#!/usr/bin/env python3
"""
fc_perform_router.py — map Malin's reply TEXT to an FC expression. (Cal's lane: the
performance router for the live loop.)

v1 = dumb version first: cue-based sentiment -> a canonical emotion -> SNAPPED to
whatever the live FC library actually has available right now. It reads the available
list at call time, so it grows automatically as overnight renders add emotions, and
never asks for an expression that isn't built yet.

Also honours an explicit [PERFORM:xxx] tag if Malin's brain emits one (the designed
path) — so the moment her prompt starts tagging emotions, the router uses HER choice
and the heuristic just becomes the fallback.

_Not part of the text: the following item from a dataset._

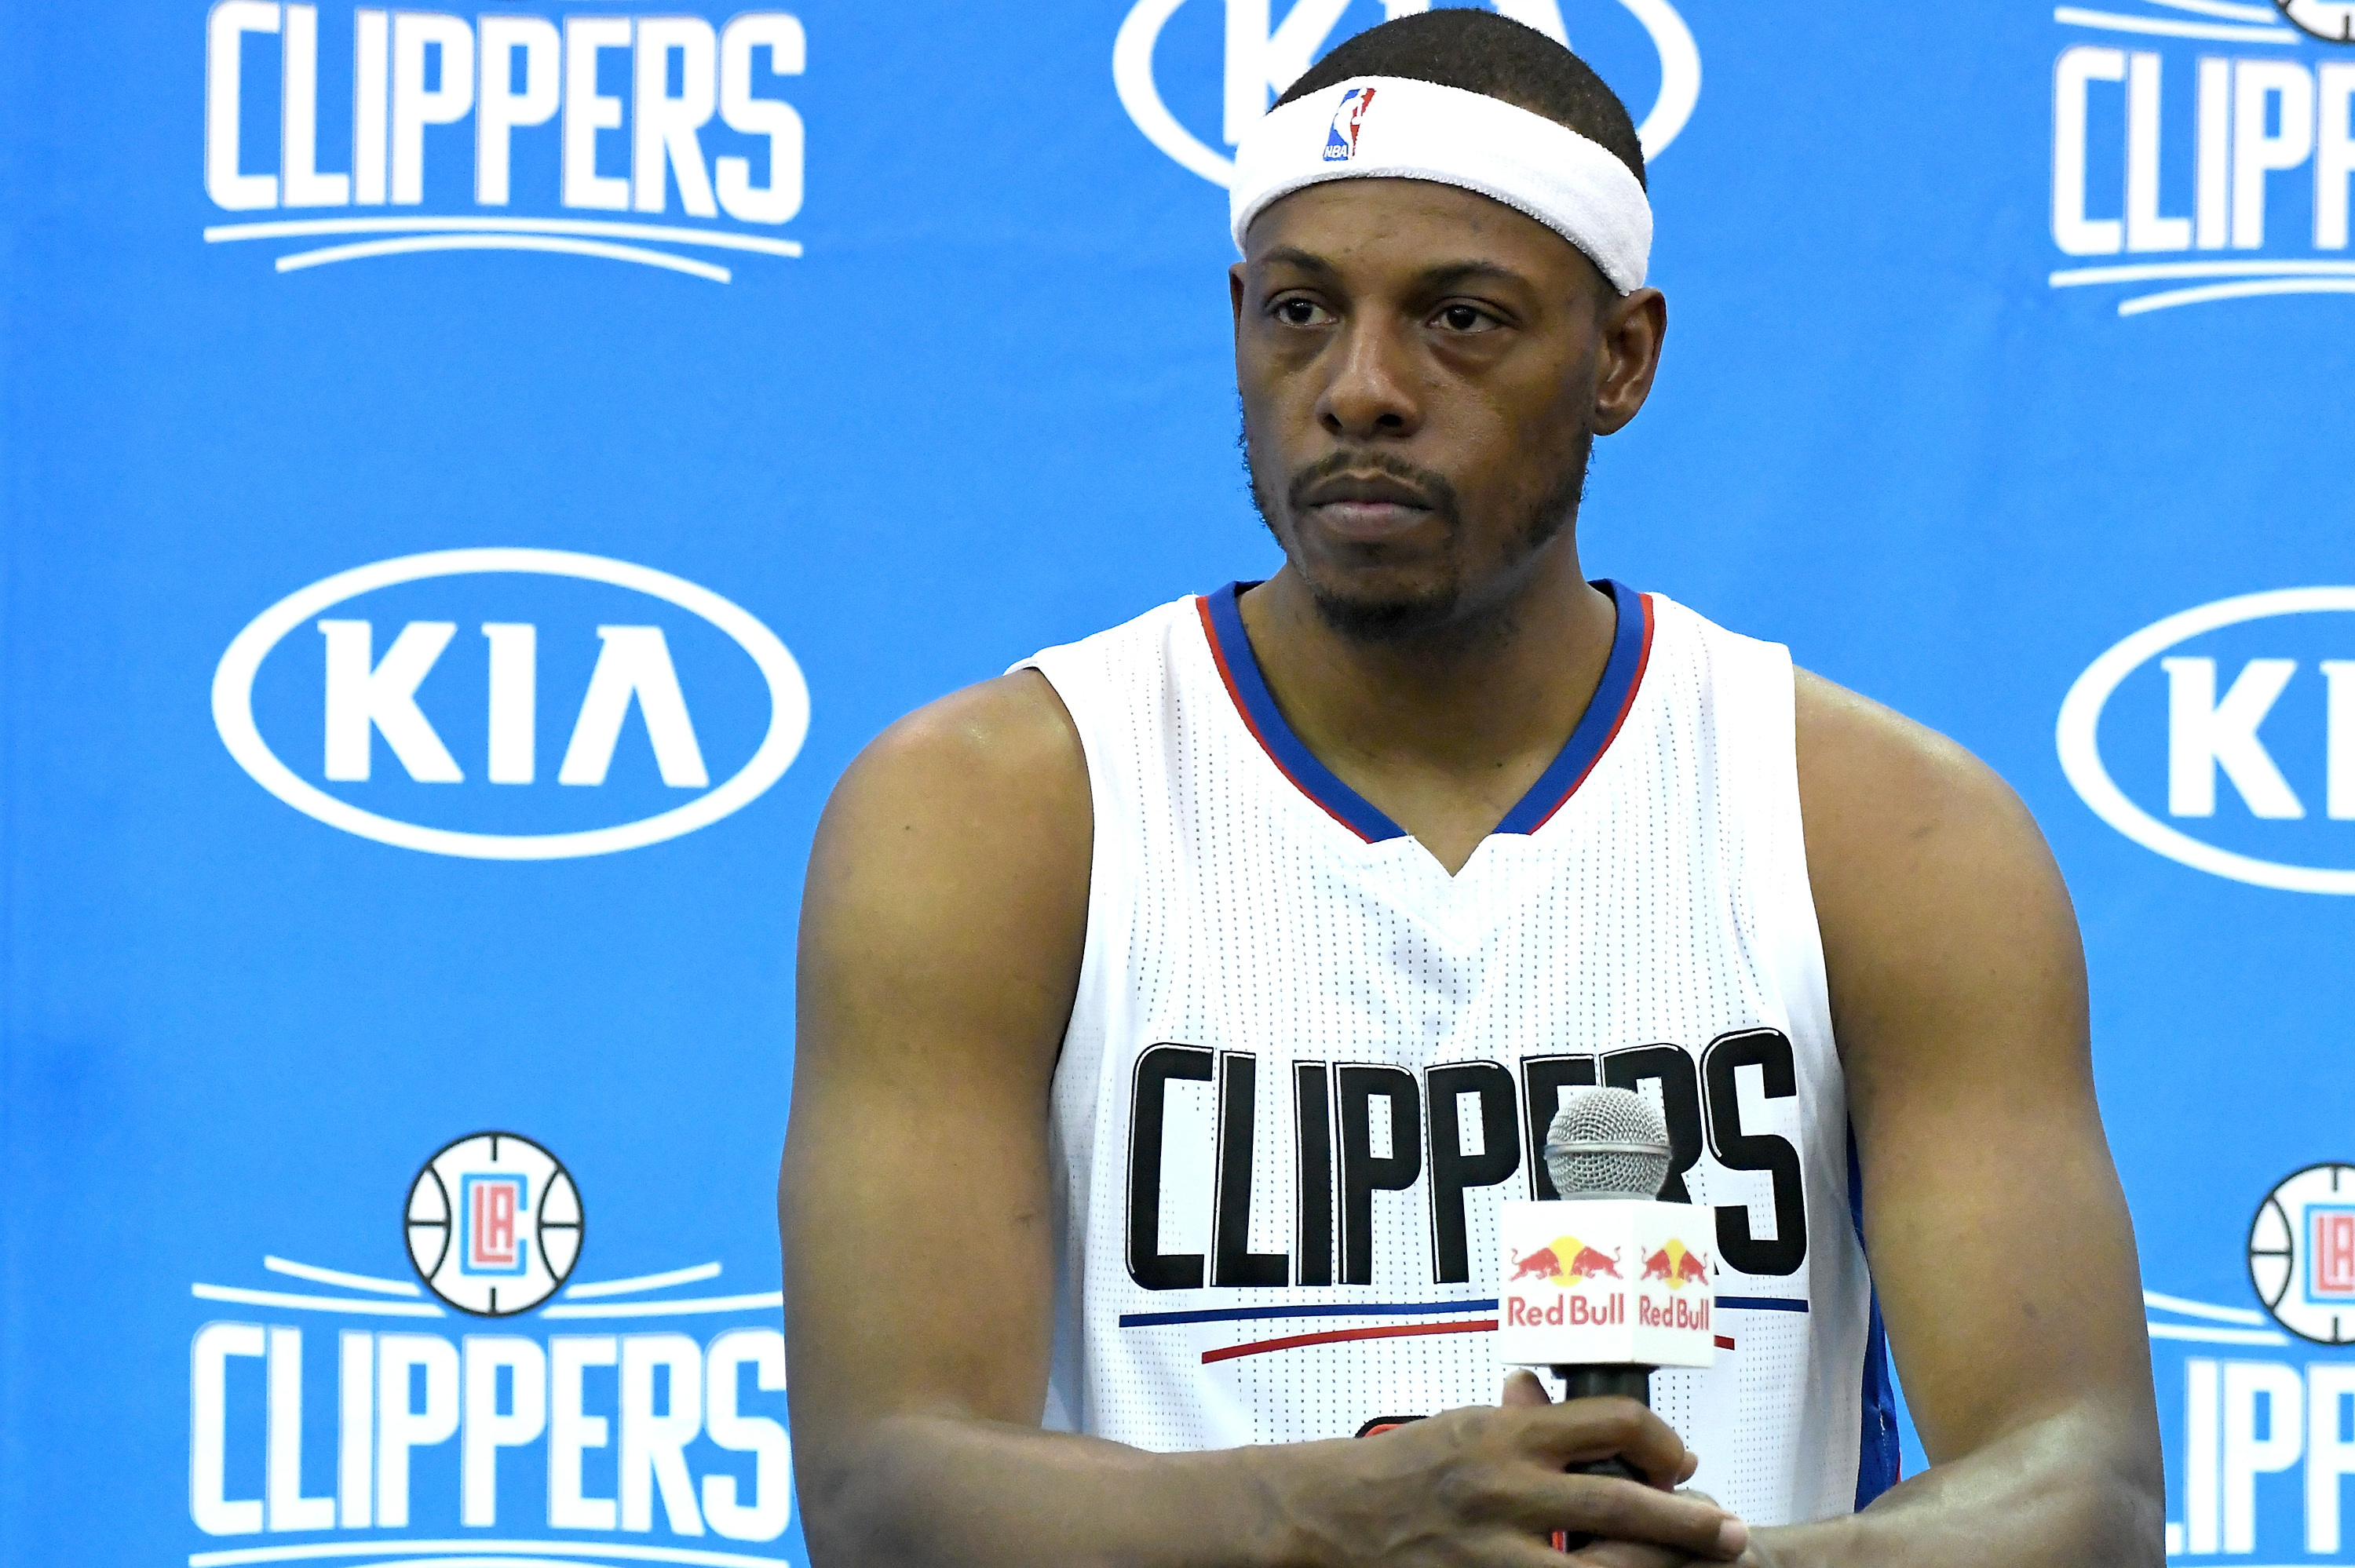 Clippers' Paul Pierce: 'This is it, my final season' - Los Angeles Times

The tag is stripped from the text that
goes to TTS.

Usage:
  from fc_perform_router import route
  emotion, clean_text = route(reply_text, available=['neutral','happy','amused_flirty','surprised','sad'])
"""
import re

# canonical emotion -> ordered fallbacks; snap to the first one that's AVAILABLE.
# extra canon names map onto the bigger 27-emotion set as those get rendered.
FALLBACK = {
    "amused_flirty": ["amused_flirty", "happy", "neutral"],
    "happy":         ["happy", "amused_flirty", "satisfaction", "neutral"],
    "excited":       ["excitement", "happy", "surprised", "neutral"],
    "surprised":     ["surprised", "awe", "horror", "neutral"],
    "sad":           ["sad", "neutral"],
    "concerned":     ["anxiety", "calmness", "neutral"],
    "angry":         ["anger", "neutral"],
    "calm":          ["calmness", "neutral"],
    "adoring":       ["adoration", "romance", "happy", "neutral"],
    "neutral":       ["neutral"],
}

# cue regex -> canonical (first match wins; ORDER MATTERS).
# care/negative cues come BEFORE generic positives so a stray "love" can't make an
# apology read as happy.
CUES = [
    (r"(haha|hehe|lol|lmao|\bteas|\bwink|flirt|naughty|trouble|;\)|😏|😈)", "amused_flirty"),
    (r"(i'?m sorry|so sad|unfortunately|that hurts|heartbreak|hard day|rough day)", "sad"),
    (r"(worried|concern|be careful|are you ok|you okay|take care of yourself|you went quiet)", "concerned"),
    (r"(breathe|take it easy|it'?s okay|i'?m here|slow down|you'?re safe)", "calm"),
    (r"(adore|my love|gorgeous|i want you|come here)", "adoring"),
    (r"(love|sweet|glad|happy|wonderful|yay|great job|perfect|delight|proud of you)", "happy"),
    (r"(!{2,}|\bwow\b|\bwhoa\b|\bomg\b|can'?t believe|no way|holy)", "surprised"),
]


def classify(text):
    t = (text or "").lower()
    for pat, emo in CUES:
        if re.search(pat, t):
            return emo
    if t.count("!") >= 1:
        return "happy"
    if t.count("?") >= 2:
        return "surprised"
    return "neutral"


def _snap(canon, available):
    for cand in FALLBACK.get(canon, ["neutral"]):
        if cand in available:
            return cand
    if "neutral" in available:
        return "neutral"
    return available[0] if available else "neutral"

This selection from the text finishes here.